Leave every image out, and print the remaining lines below exactly.

# DATA BELOW

****

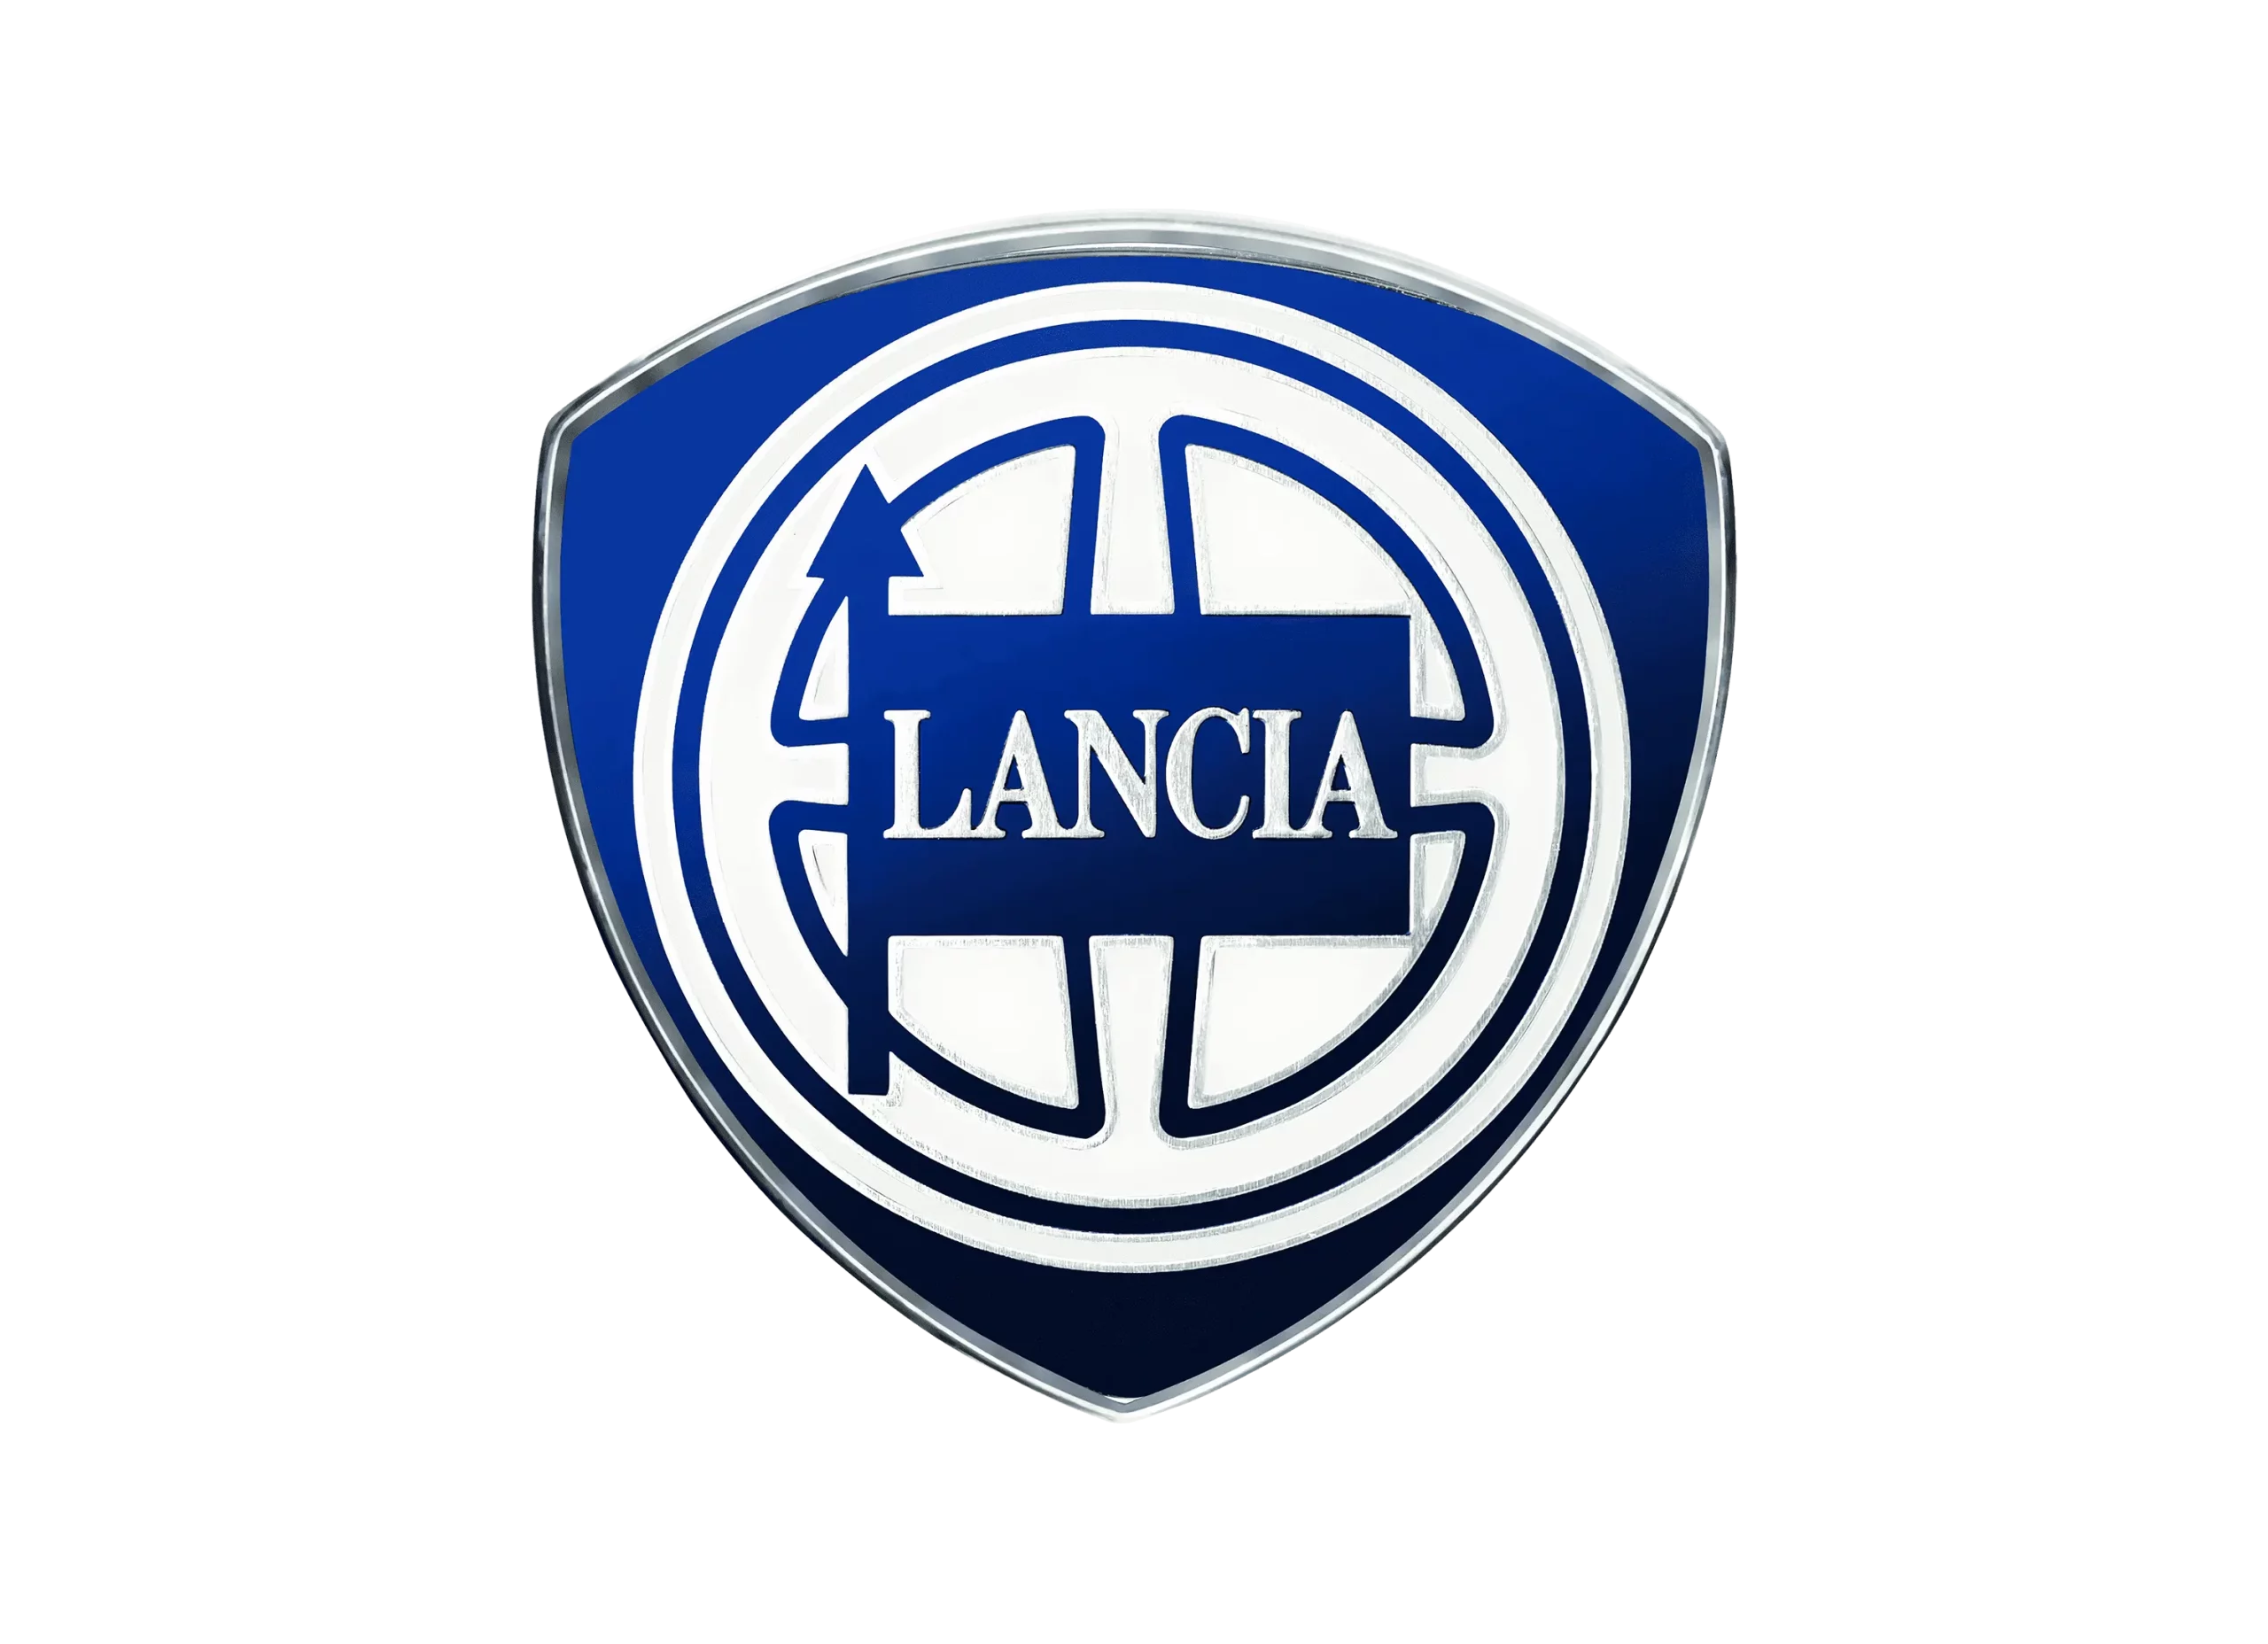 Lancia logo 1974-2001
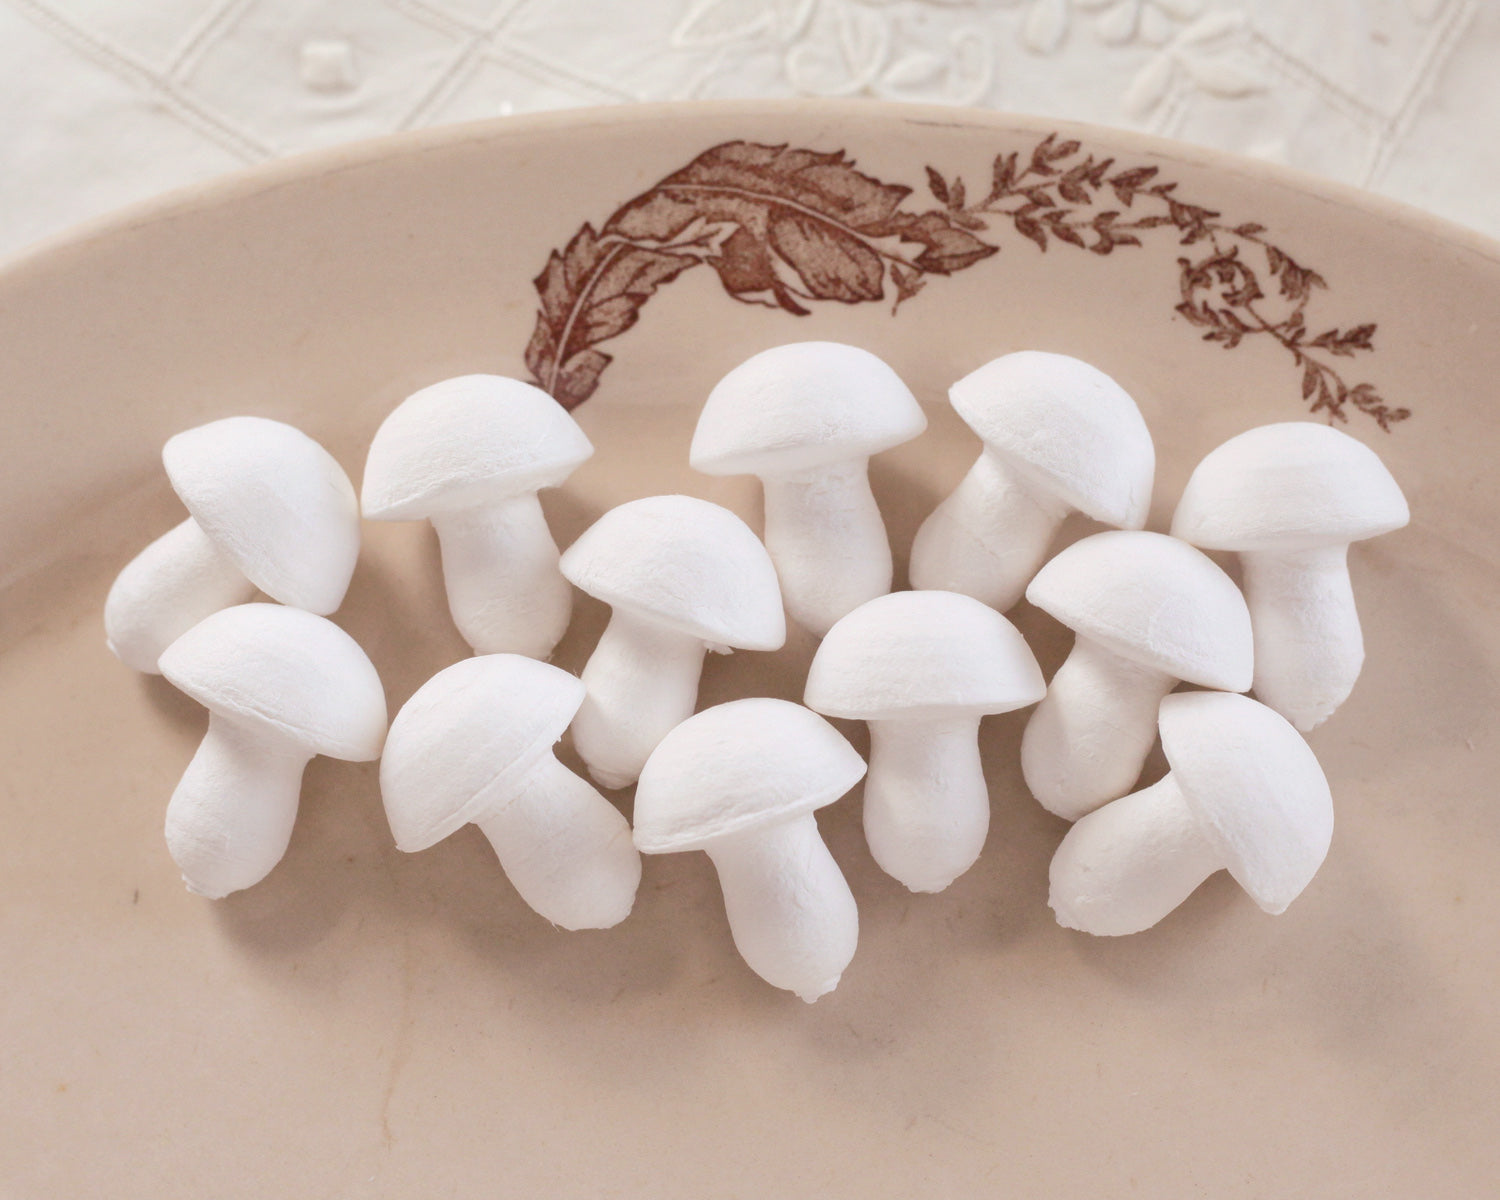 Medium Button Mushrooms - 35 x 28mm Spun Cotton Craft Shapes, 12 Pcs.
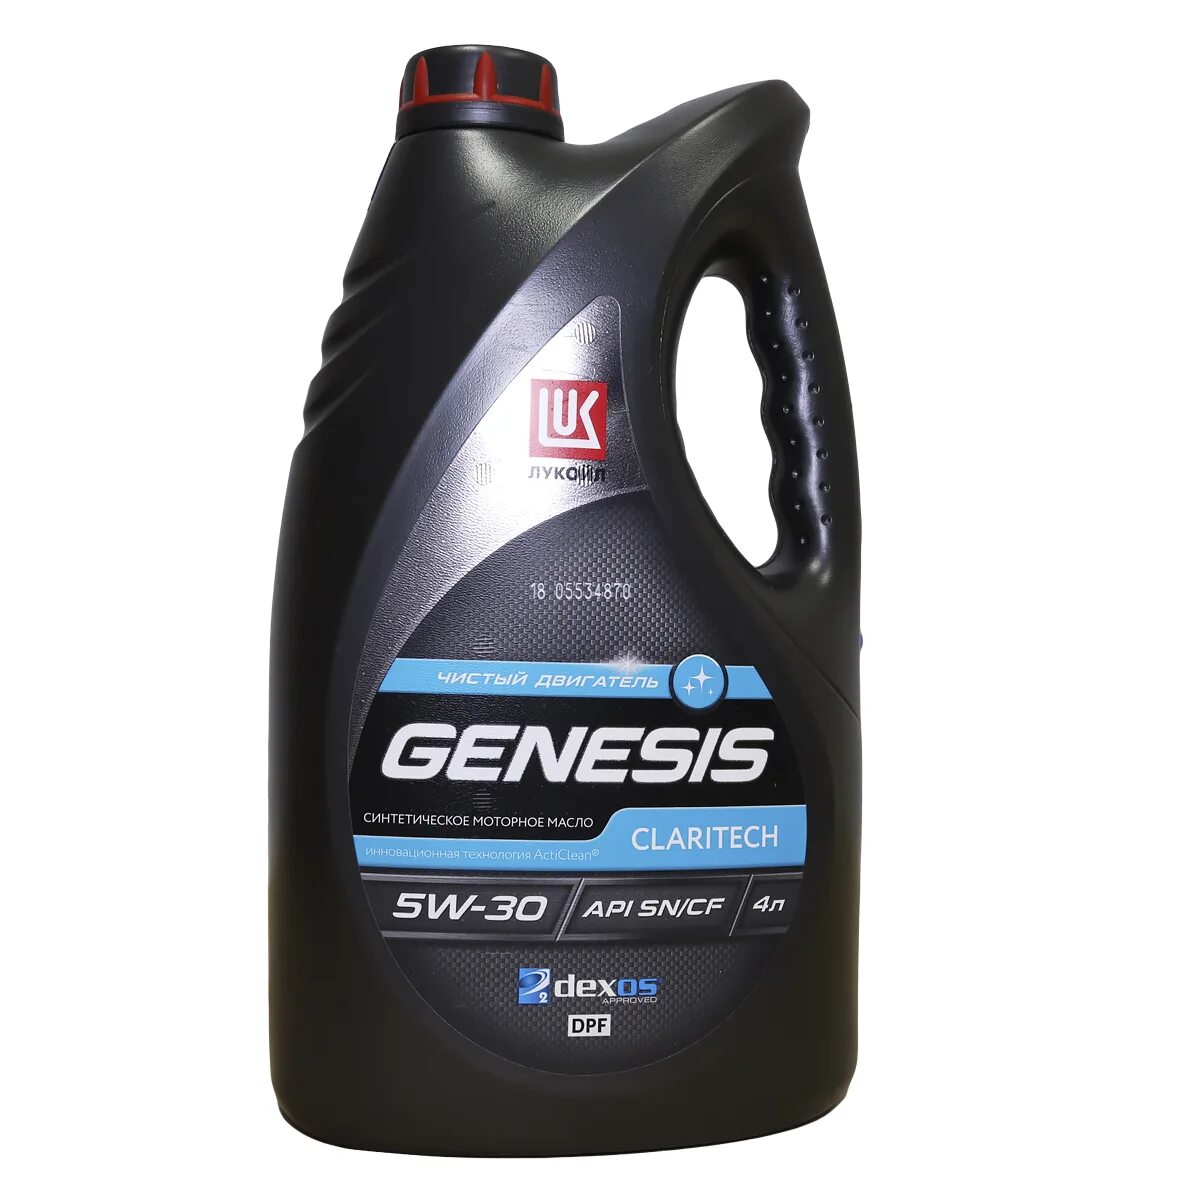 Масло лукойл нк. Lukoil Genesis 5w30. Lukoil Genesis Claritech 5w-30. Genesis Armortech 5w-30. Lukoil Genesis 5w30 Genesis.
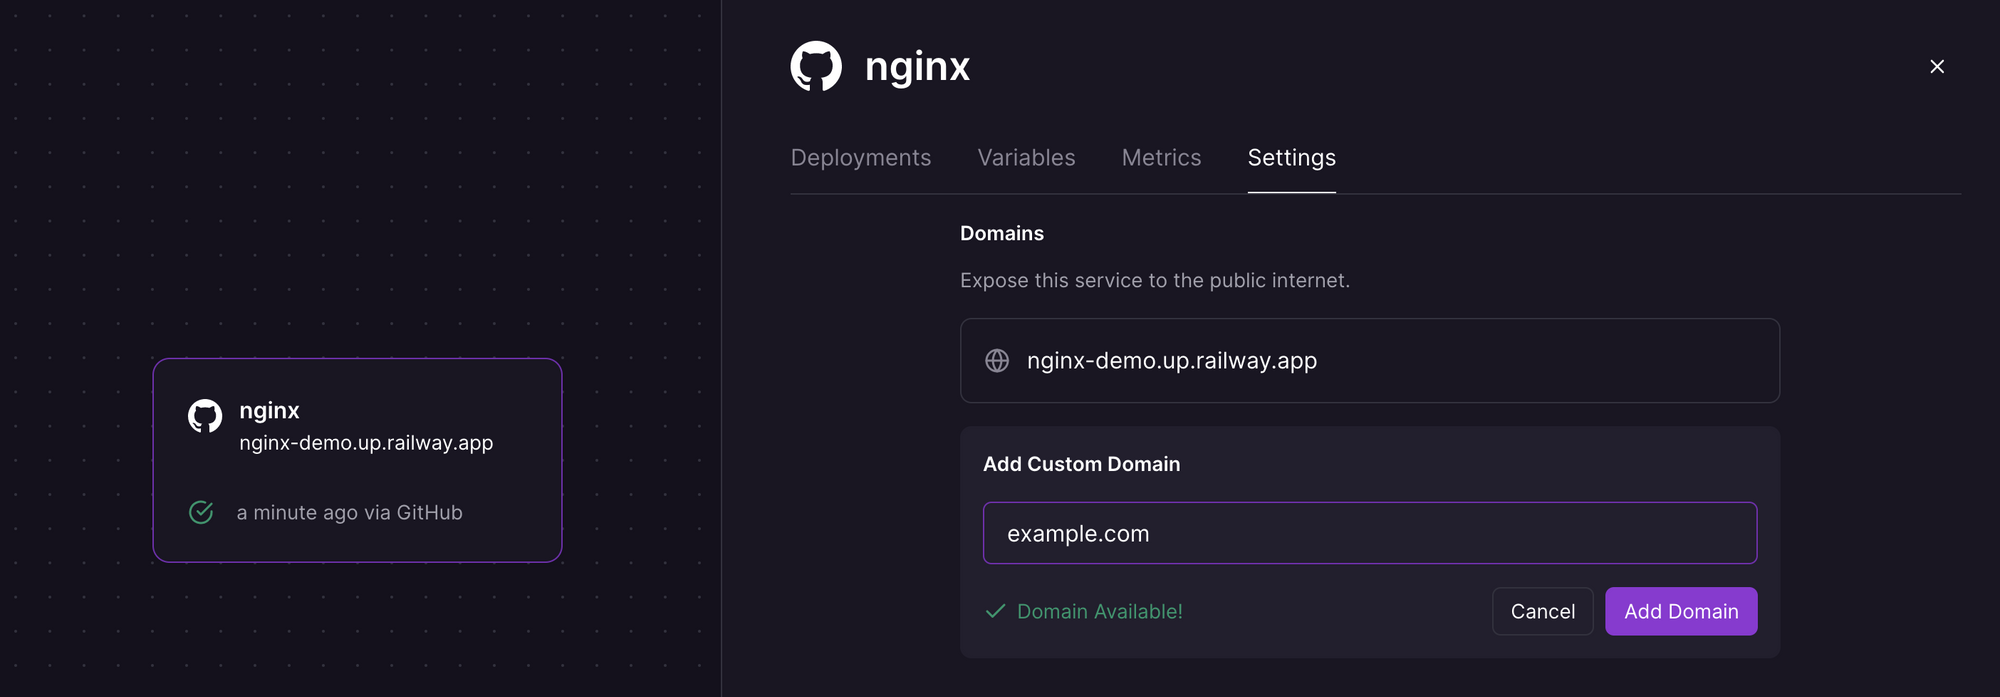 Add a custom domain for the NGINX service

****

# TASK RESPONSE
 Lancia logo 1974-2001
 Medium Button Mushrooms - 35 x 28mm Spun Cotton Craft Shapes, 12 Pcs.
 Масло лукойл нк. Lukoil Genesis 5w30. Lukoil Genesis Claritech 5w-30. Genesis Armortech 5w-30. Lukoil Genesis 5w30 Genesis.
 Add a custom domain for the NGINX service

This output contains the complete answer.